═══ SOURCE RECORDS
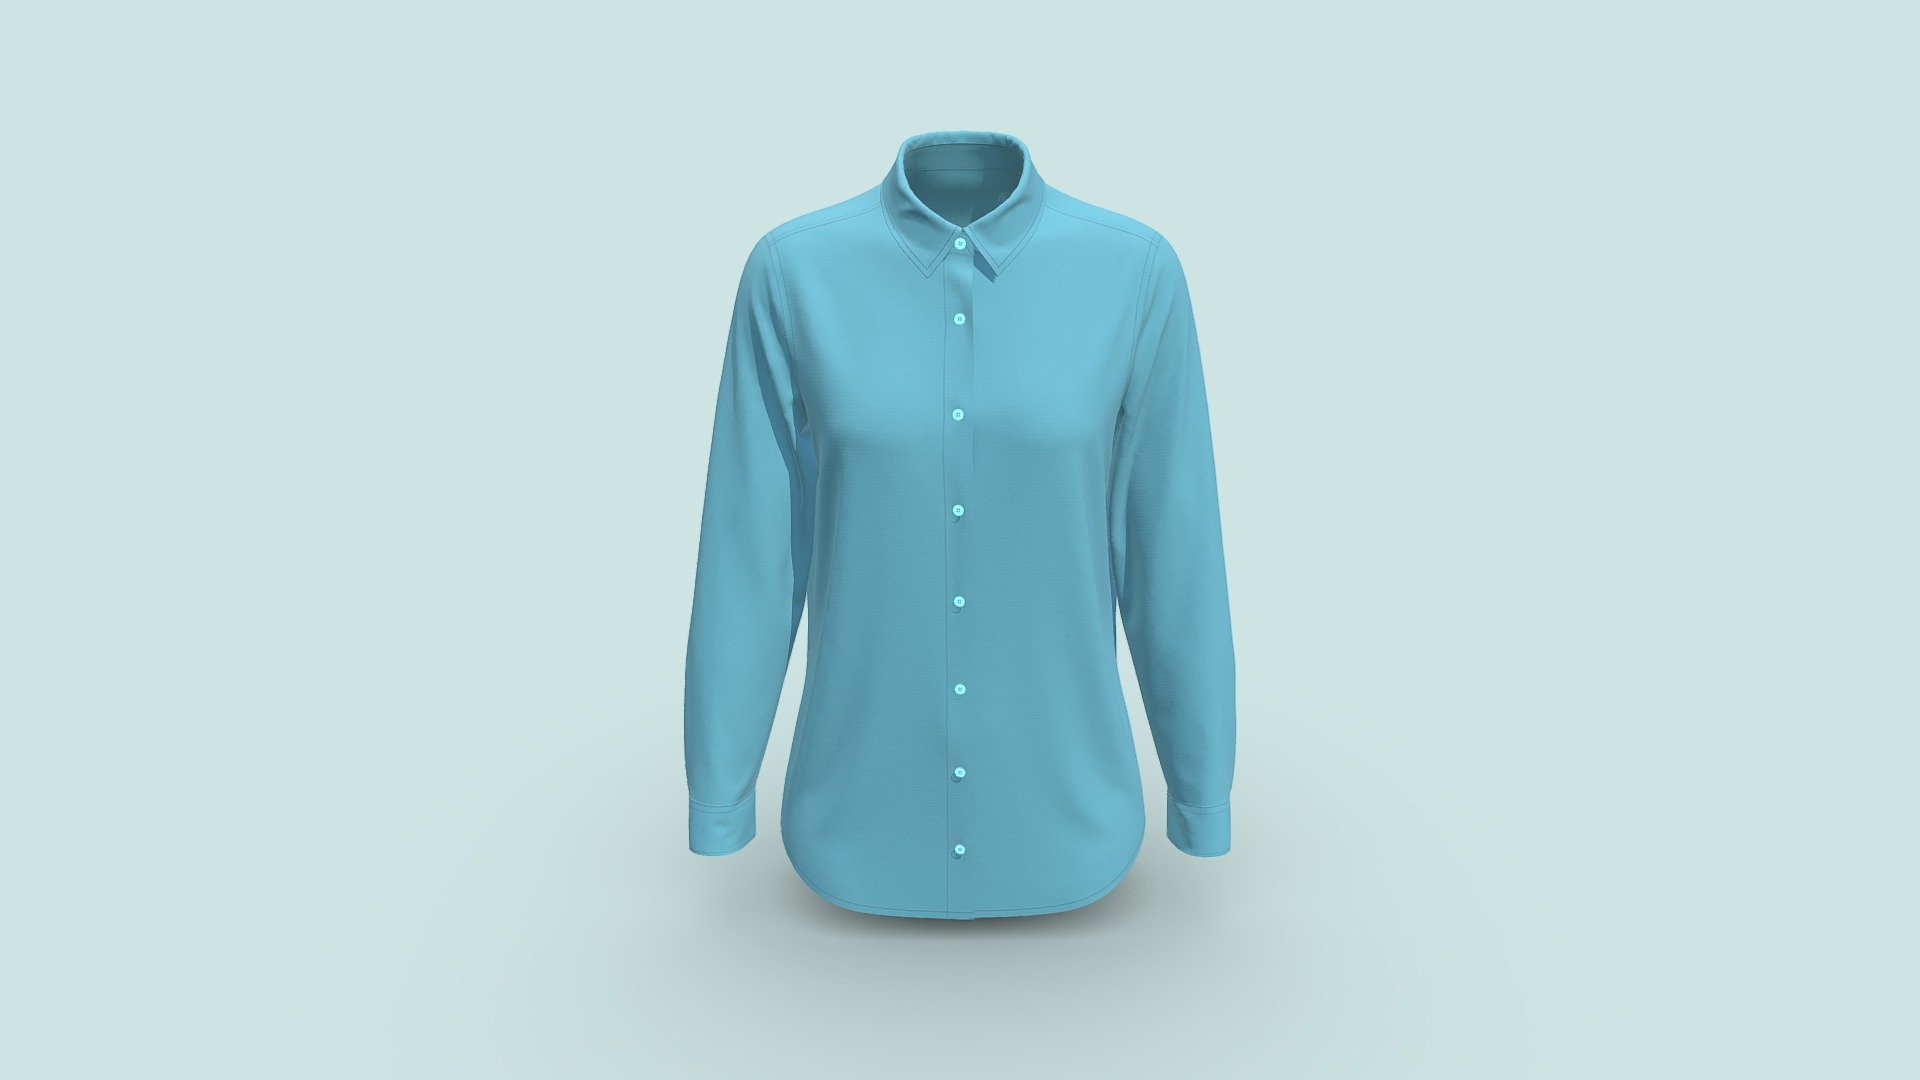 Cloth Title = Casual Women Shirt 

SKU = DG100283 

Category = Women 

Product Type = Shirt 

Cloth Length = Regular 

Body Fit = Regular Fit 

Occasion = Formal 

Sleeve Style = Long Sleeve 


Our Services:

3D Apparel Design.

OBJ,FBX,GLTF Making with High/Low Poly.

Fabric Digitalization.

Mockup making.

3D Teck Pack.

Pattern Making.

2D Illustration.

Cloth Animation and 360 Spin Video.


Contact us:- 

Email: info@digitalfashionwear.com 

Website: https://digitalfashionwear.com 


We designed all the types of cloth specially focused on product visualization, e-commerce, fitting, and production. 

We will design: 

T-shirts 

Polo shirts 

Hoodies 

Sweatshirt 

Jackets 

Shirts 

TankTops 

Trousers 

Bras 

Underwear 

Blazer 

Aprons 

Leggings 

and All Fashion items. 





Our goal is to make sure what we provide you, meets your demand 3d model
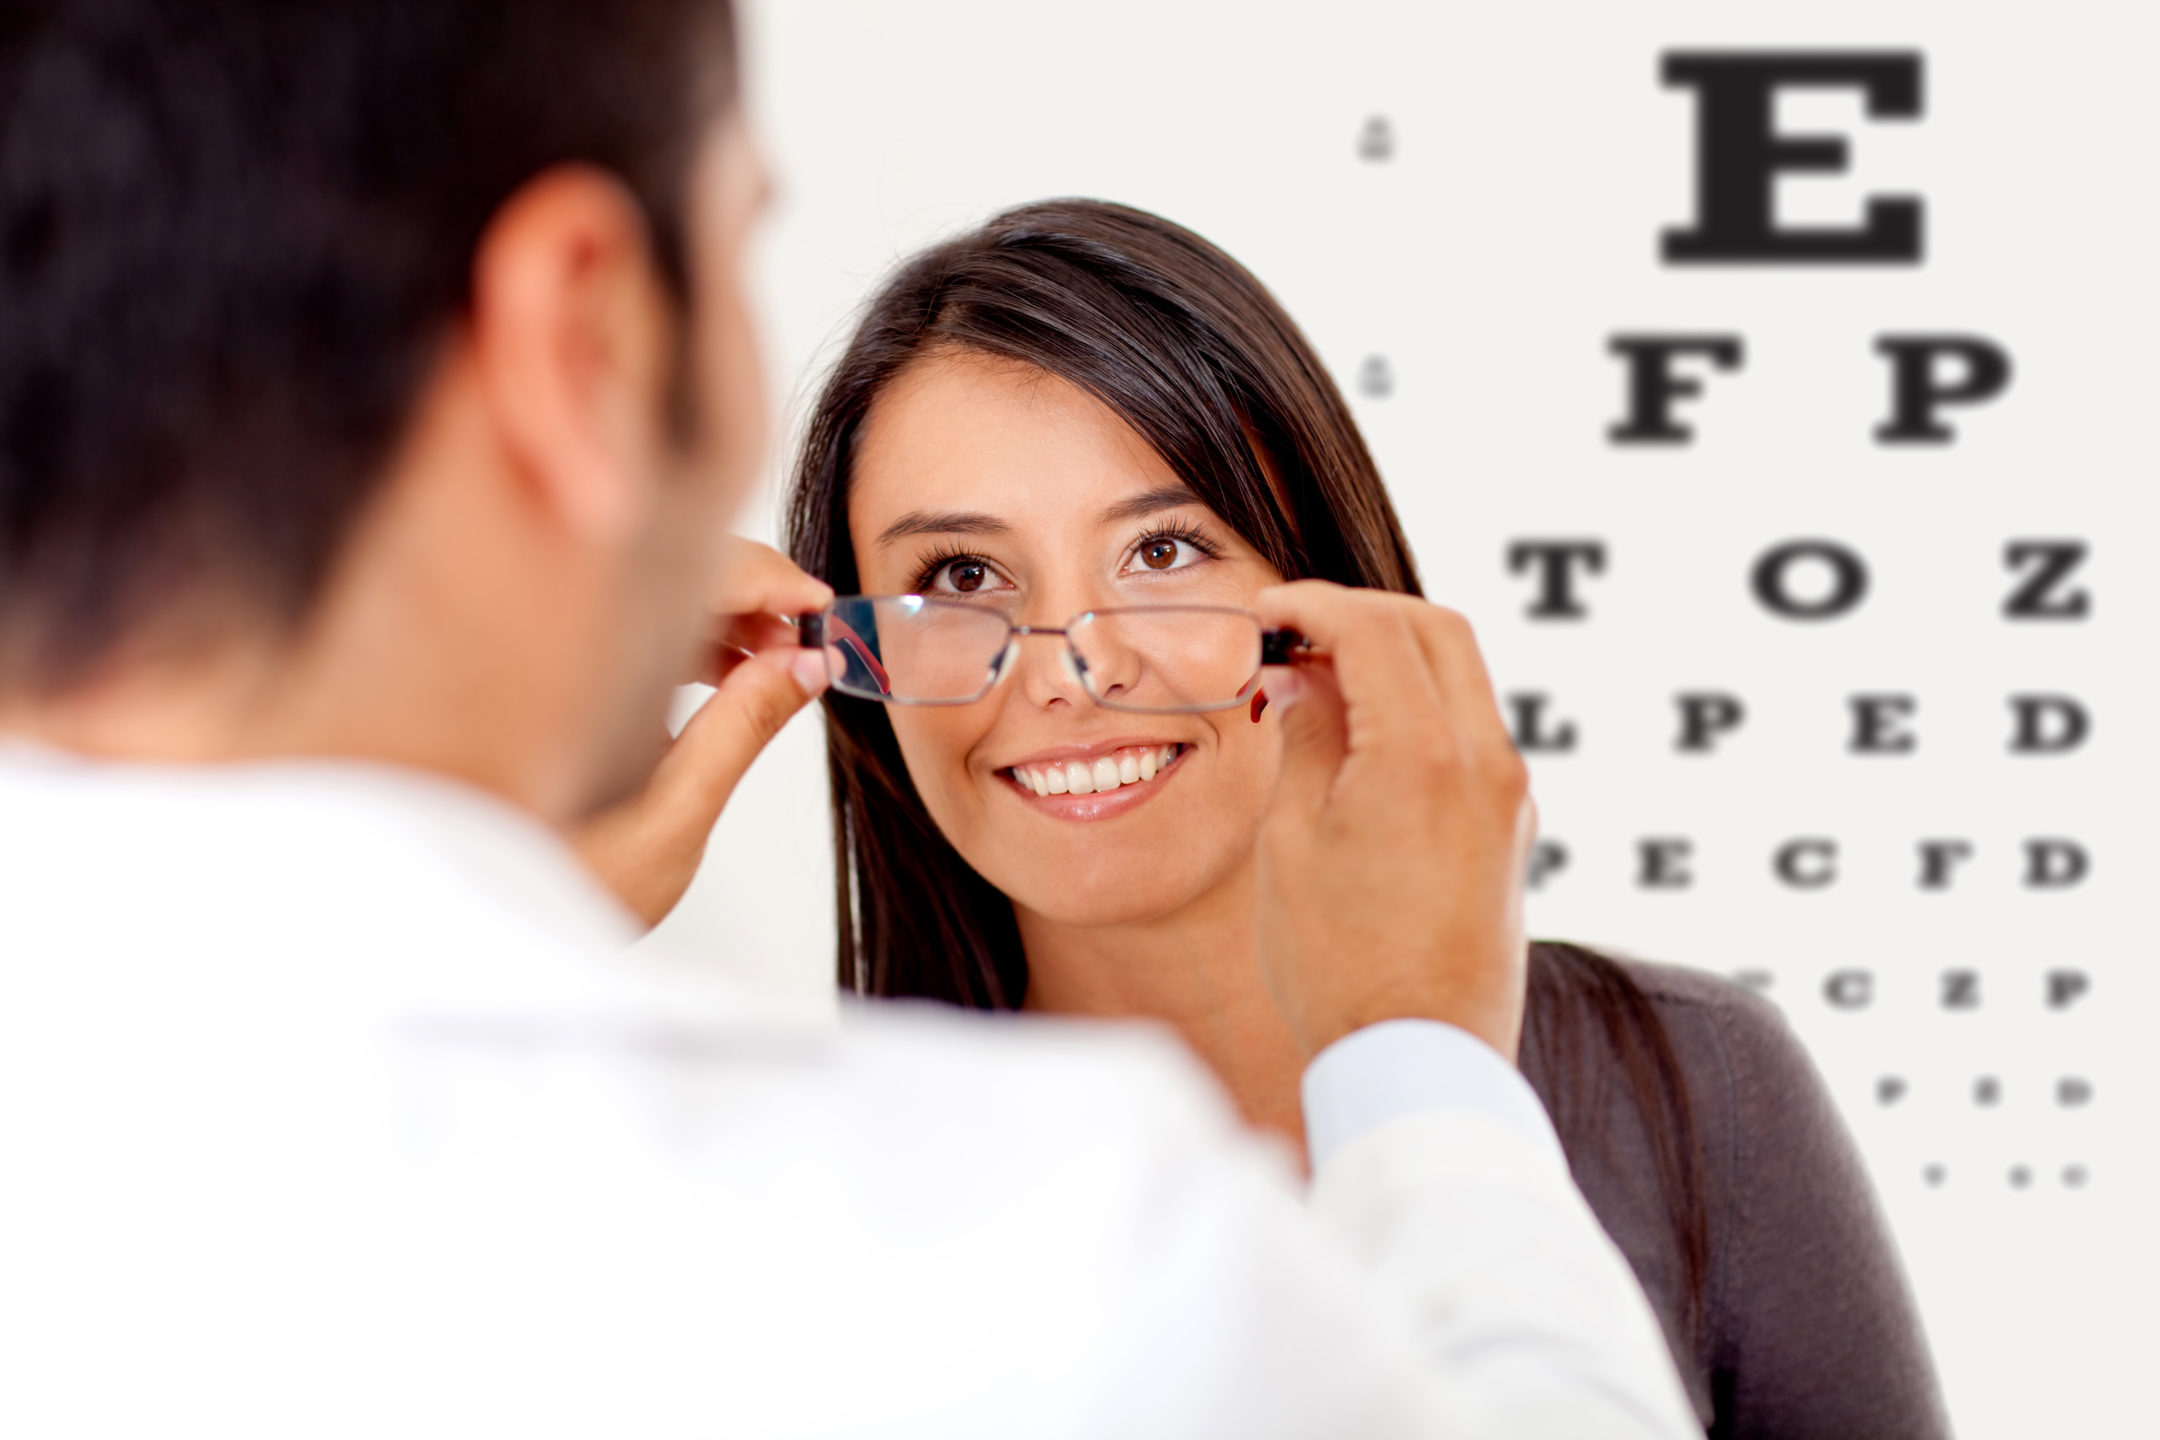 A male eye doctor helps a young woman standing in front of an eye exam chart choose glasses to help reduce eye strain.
══════
As the answer, set down only the lines from the data above between the one holding "Product Type = Shirt" and the one holding "Website: https://digitalfashionwear.com", inclusive, exactly as they read.

> **SOLUTION TO THE PROBLEM**
Product Type = Shirt 

Cloth Length = Regular 

Body Fit = Regular Fit 

Occasion = Formal 

Sleeve Style = Long Sleeve 


Our Services:

3D Apparel Design.

OBJ,FBX,GLTF Making with High/Low Poly.

Fabric Digitalization.

Mockup making.

3D Teck Pack.

Pattern Making.

2D Illustration.

Cloth Animation and 360 Spin Video.


Contact us:- 

Email: info@digitalfashionwear.com 

Website: https://digitalfashionwear.com 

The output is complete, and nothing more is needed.